Intracellular cytokine staining and flow cytometry analysis

Analyses were performed using the following antibodies: CD3-FITC (145-2C11, Biolegend), CD4-BV750 (GK1.5, Biolegend), CD8-BV786 (53-6.7, Biolegend), CD62L-BV510 (MEL-14, Biolegend), CD44-PE/Cy5 (IM7, Biolegend), CD107a-BV711 (1D4B, Biolegend), CD154-PE (MR1, BD), Gmzb-AF700 (QA16A02, Biolegend), IFN-γ-APC (XMG1.2, Biolegend) and TNF-α-BB700 (MP6-XT22, BD). In brief, splenocytes isolated from experimental mice were cultured in the presence of phorbol 12-myristate 13-acetate (PMA) (1.9 nM) and ionomycin (0.08 mg/ml) solution at 37°C for 4 h. After washing, 2 × 106 cells were stained with FVS780 (viability dye) followed by treatment with antibodies for surface antigens (Anti-CD3, CD4, CD8, CD62L, CD44, CD107a, and CD154) at 4°C for 30 min. After washing, cells were fixed and permeabilized with BD Cytofix/Cytoperm, and then stained with the antibodies against the intracellular antigens (Gzmb, IFN-γ, and TNF-α) for 20 min at 22°C. Stained cells were separated using a BD FACSymphony™ Cell Analyzer and one million events were collected for each sample. The analysis was performed in FlowJo software version 10.6.2.

ELISA

Submandibular blood was collected for ELISA. Serum IgG against RBD of SARS-CoV-2 (original strain) was measured by ELISA using ENZO SARS-CoV-2 IgG ELISA Kit [Cat# ENZ-Kit190-0001]. Serum IgG against nucleoprotein of SARS-CoV-2 (original strain) was measured by ELISA assay using ENZO ENZ-KIT193-0001. An ELISA kit was purchased from ENZO Lifesciences, 100 ng of Mouse COVID-19 spike RBD Domain Coronavirus Monoclonal Antibody from MyBiosource (Cat# MBS434247) was used as a positive control, while serum from unvaccinated mice was pooled and used as a negative control. Assays were performed according to the manufacturer’s instructions. In brief, mouse serum was diluted 1:100 in sample diluent and anti-RBD antibody was diluted to 1.0 μg/mL with sample diluent. A 100 μL aliquot was added to each designated well and incubated at 37°C for 30 min. Post incubation, the plate was washed 4 times with 1X wash buffer using an automatic washing machine (Bio Tek TS-50), Then anti-Mouse IgG Fc Secondary antibody (Invitrogen Cat#31437) was diluted in HRP dilution buffer (Sigma Cat#18995) to 1:5000 and 100 ul added to each well. The plate was then incubated at 37°C for 15 min. Following incubation, the plate was washed 4 times with 1X wash buffer. Subsequently, 100 μL of 3,3′,5,5′-Tetramethylbenzidine (TMB) substrate solution was added to each well and the plate incubated in the dark at 37°C for 15 min. The reaction was stopped by addition of 50 ul of stop solution per well and absorbance values were measured at 450 nm using a plate reader (TECAN, Spectrafluor plus).

PRNT50 assay

For the PRNT assay, Vero76 cells were first treated with serially diluted mouse serum, followed by infection with live virus of SARS-CoV-2 (delta variant strain). In this assay, the infected cells die and form a plaque after fixation and staining with crystal violet. If the serum contains neutralizing antibodies, the viral infection is inhibited, resulting in a reduction of the number of plaques. The results are shown as the dilution titer of serum that show 50% reduction of number of plaques (PRNT50). The assay was performed by BIOQUAL, Inc. (Rockville, MD).

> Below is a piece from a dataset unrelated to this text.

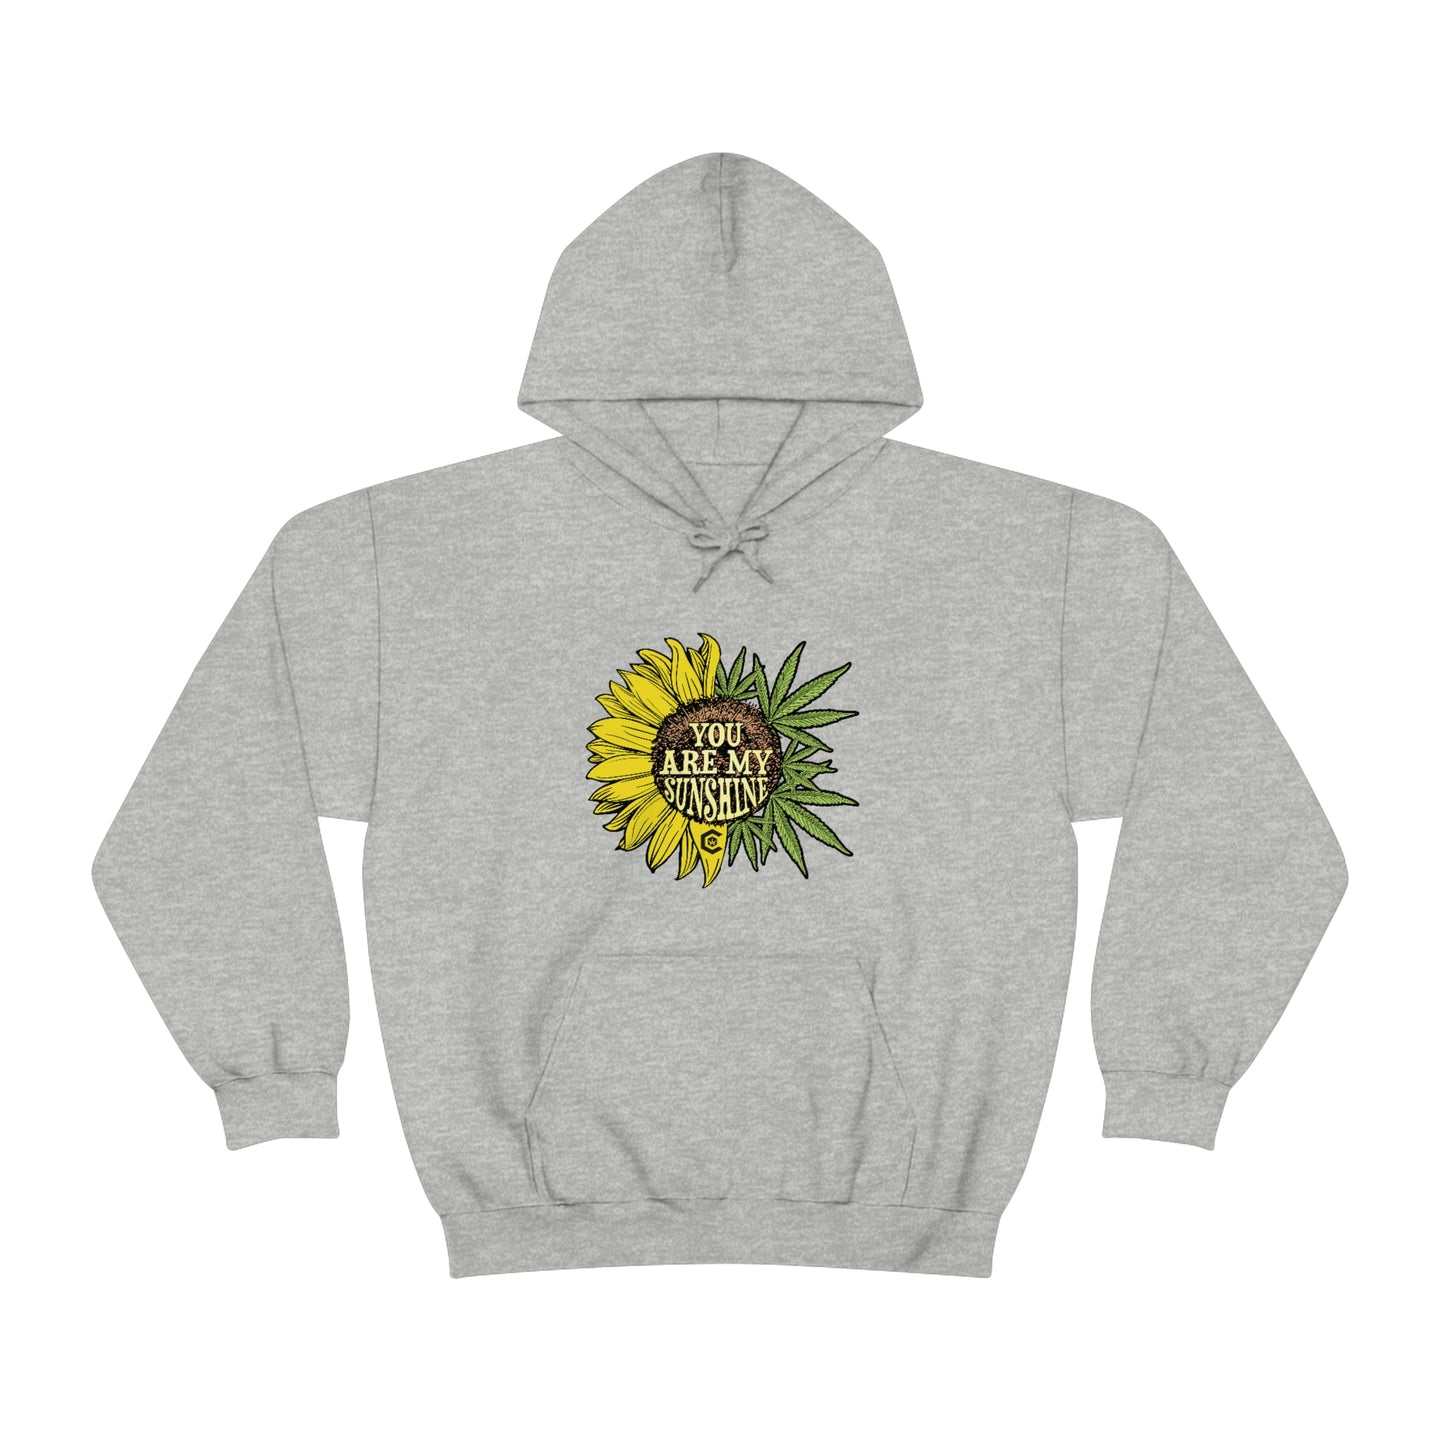 a grey You Are My Sunshine Cannabis Sweatshirt with a sunflower on it.

In vivo cell elimination assay

4T1 (ATCC, CRL-2539) and 4T1-Luc2 (ATCC, CRL-2539-Luc2) mouse mammary tumor cell lines, derived from BALB/c mice, were cultured in RPMI medium supplemented with 10% FBS at 37°C in a humidified atmosphere containing 5% CO2. For 4T1-Luc2 cells, the medium was supplemented with 8 μg/mL blasticidin (Invivogen). 4T1 and 4T1-Luc2 cells were transfected with a plasmid DNA encoding a fusion protein of the nucleoproteins of SARS-CoV-2 and MERS-CoV (non-secreted form, i.e., without CD5 signal peptide) under the CMV promoter and the hygromycin-resistant gene under early SV40 promoter control, using lipofectamine 2000. Cells expressing the fusion protein of the nucleoproteins of SARS-CoV-2 and MERS-CoV (called 4T1-SMN), were isolated by culturing the cells in the presence of 200 μg/mL of hygromycin B. Transfected cells were selected with hygromycin at a final concentration of 50∼200 μg/mL and several colonies were picked and expanded for further analysis. 1×105 4T1-Luc2 (spike) and 5×104 4T1 (SMN) cells in 50 μl PBS were injected into the 4th mammary fat pad of BALB/c under isoflurane anesthesia and mice were observed daily. Tumor volume (length x width2 x 0.5) was measured by digital caliper and recorded.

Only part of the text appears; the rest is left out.